What would be cool is if ghc --make/-ddump-module-graph could serialise and reuse the compilation graph info between runs, like https://github.com/ezyang/ghc-shake does.

This is precisely what this patch implements.

Hmm, I was under impression that it only took care of the "serialise" part, not the "load & reuse" part that would give us Shake-style fast recompilation checks.

Right, I was also concerned about this. However, @duncan has said that the cost of multiple processes wasn't prohibitive in his experience.

Well, I think that at this point we need some numbers to decide the best way forward.

What would be cool is if ghc --make/-ddump-module-graph could serialise and reuse the compilation graph info between runs, like https://github.com/ezyang/ghc-shake does.

This is precisely what this patch implements.

Hmm, I was under impression that it only took care of the "serialise" part, not the "load & reuse" part that would give us Shake-style fast recompilation checks.

Ahh, I see. Right, this patch definitely does not implement that. That being said, my assumption would be that construction of the module graph should be relatively cheap. Do you have evidence otherwise?

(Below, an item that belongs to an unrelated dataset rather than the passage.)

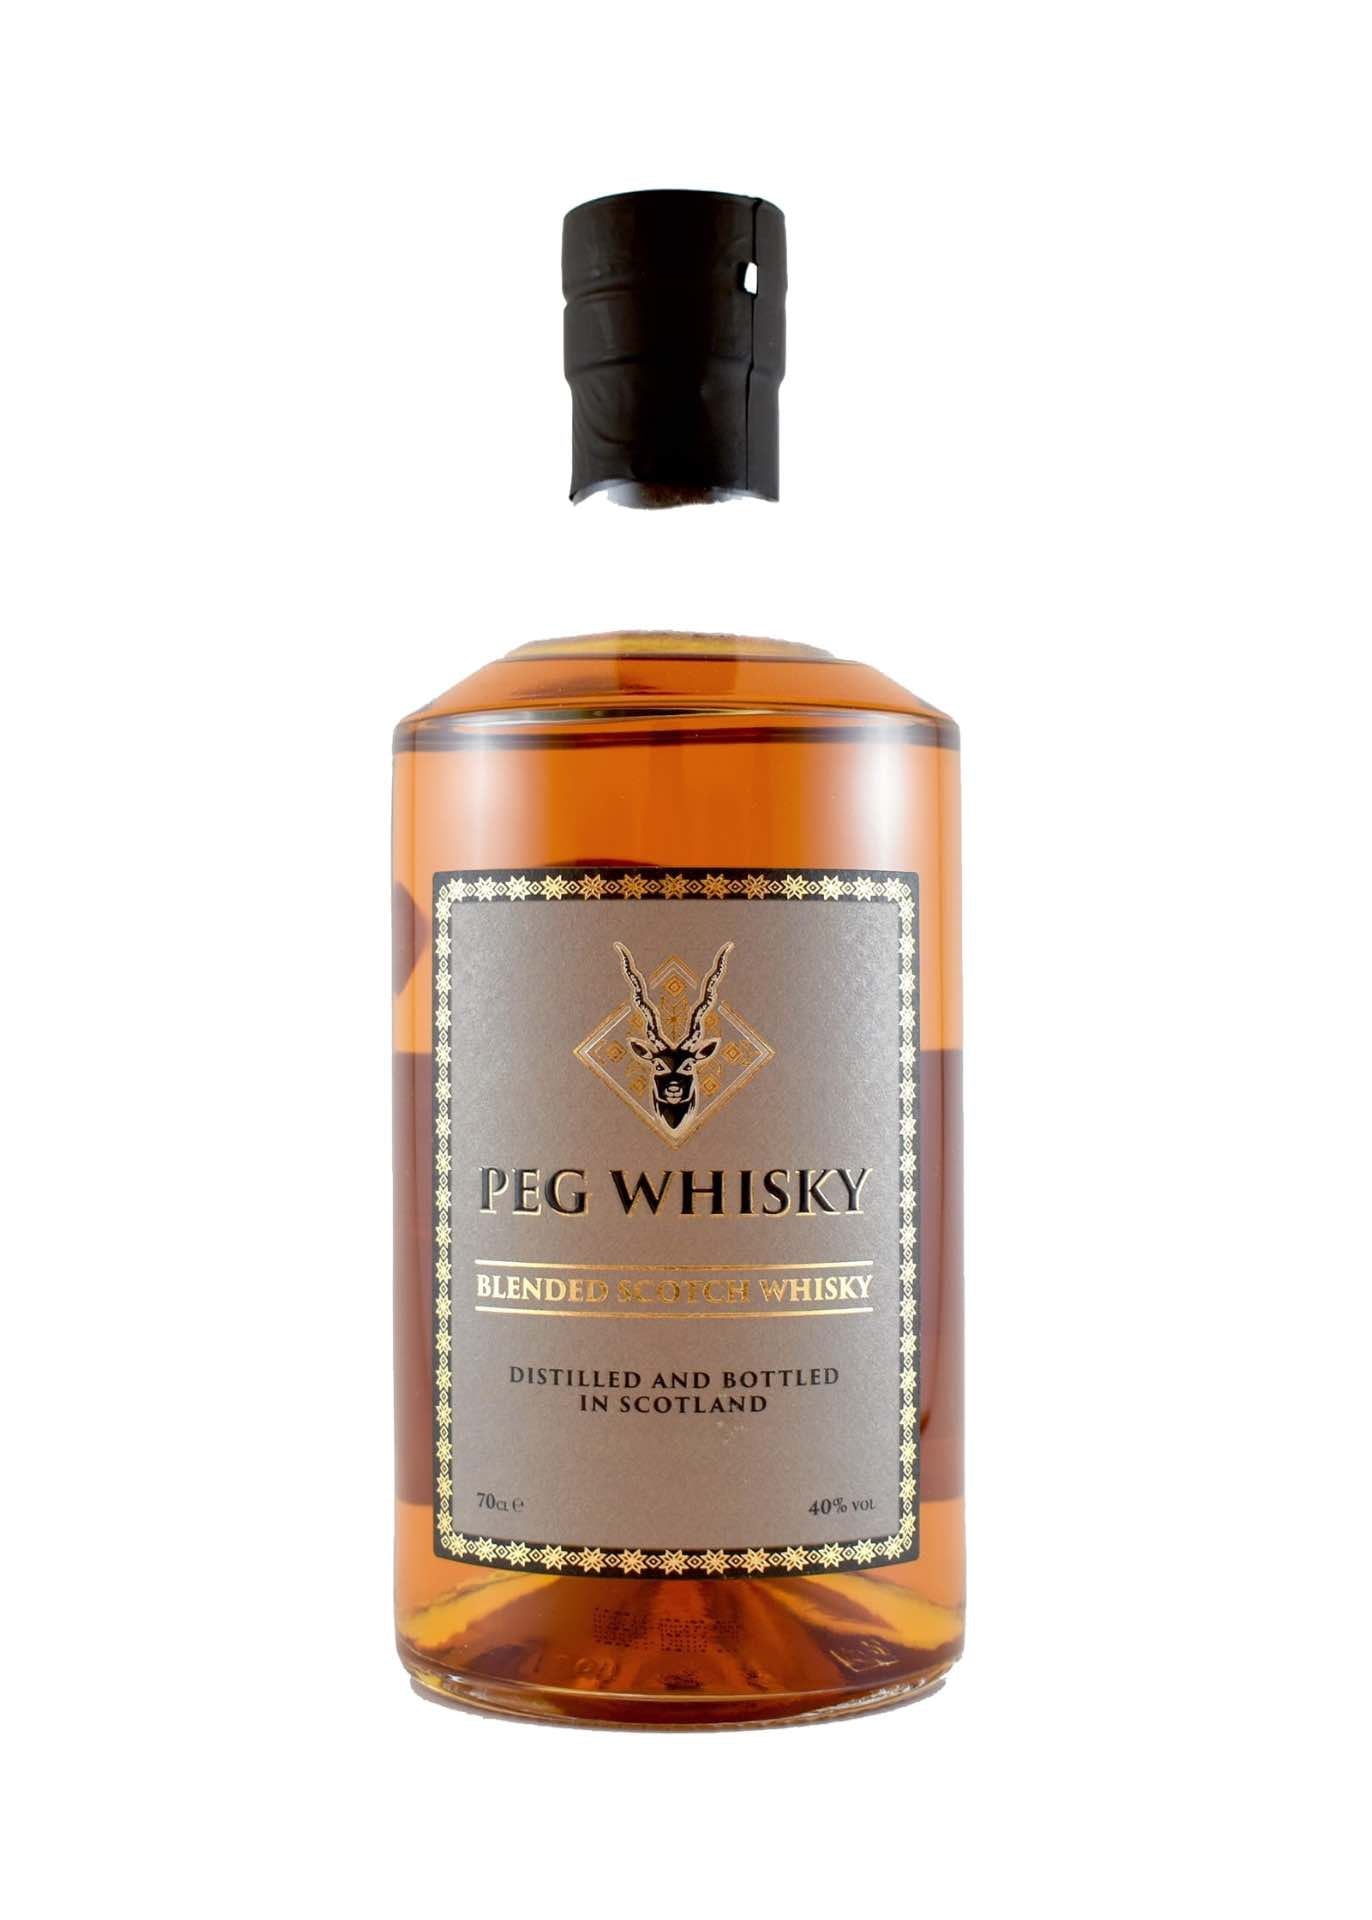 Peg Whisky Blended Scotch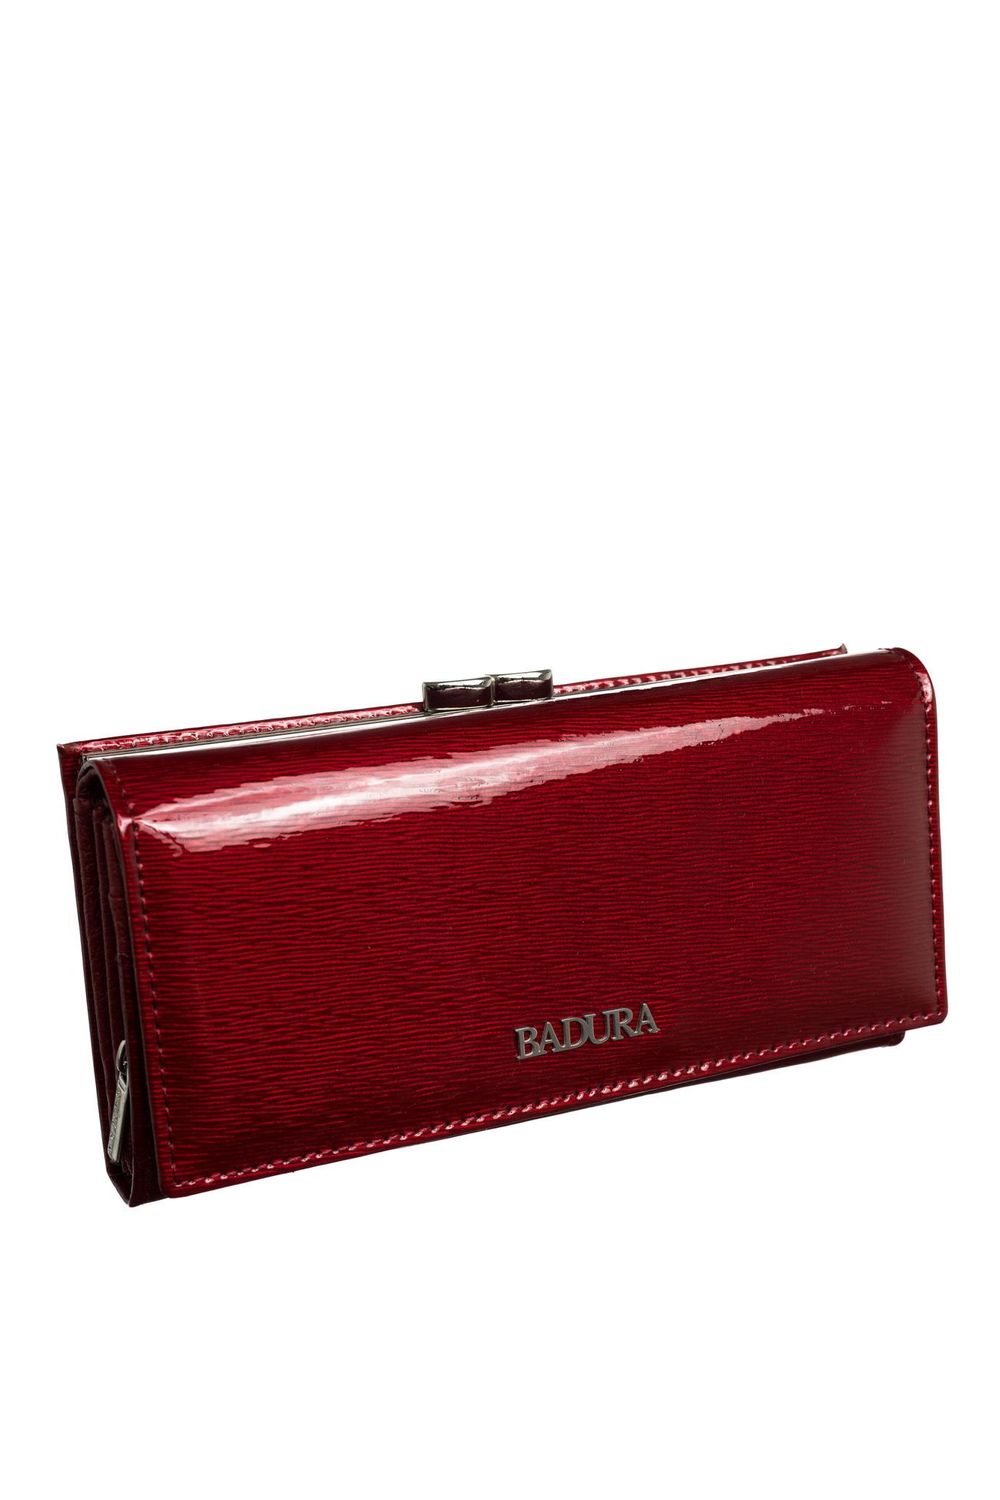 Women`s wallet model 160897 Ba..

Right, I was also concerned about this. However, @duncan has said that the cost of multiple processes wasn't prohibitive in his experience.

Well, I think that at this point we need some numbers to decide the best way forward.

Indeed.

Hmm, I was under impression that it only took care of the "serialise" part, not the "load & reuse" part that would give us Shake-style fast recompilation checks.

That being said, my assumption would be that construction of the module graph should be relatively cheap. Do you have evidence otherwise?

Well, the aforementioned https://github.com/ezyang/ghc-shake advertises faster recomp checking as one of its main advantages. I can give you numbers on how much it's faster if you want, but it'll take me a bit of time. Maybe @ezyang can also chime in.

I like to cite the README here: https://github.com/ndmitchell/ghc-make for demonstrating why *anything* is better than what we have in ghc --make today. It's pretty simple, really: ghc --make *always* parses the module headers of every module in your package, no ifs ands or buts. A shake based approach can do a single database load, and a quick probe of the timestamps of all files, before deciding no recompilation must be done.

bgamari planned changes to this revision.Nov 2 2017, 10:49 AM

Bumping out of review queue. I would like to continue this, but I think we need a clearer picture of the desired design.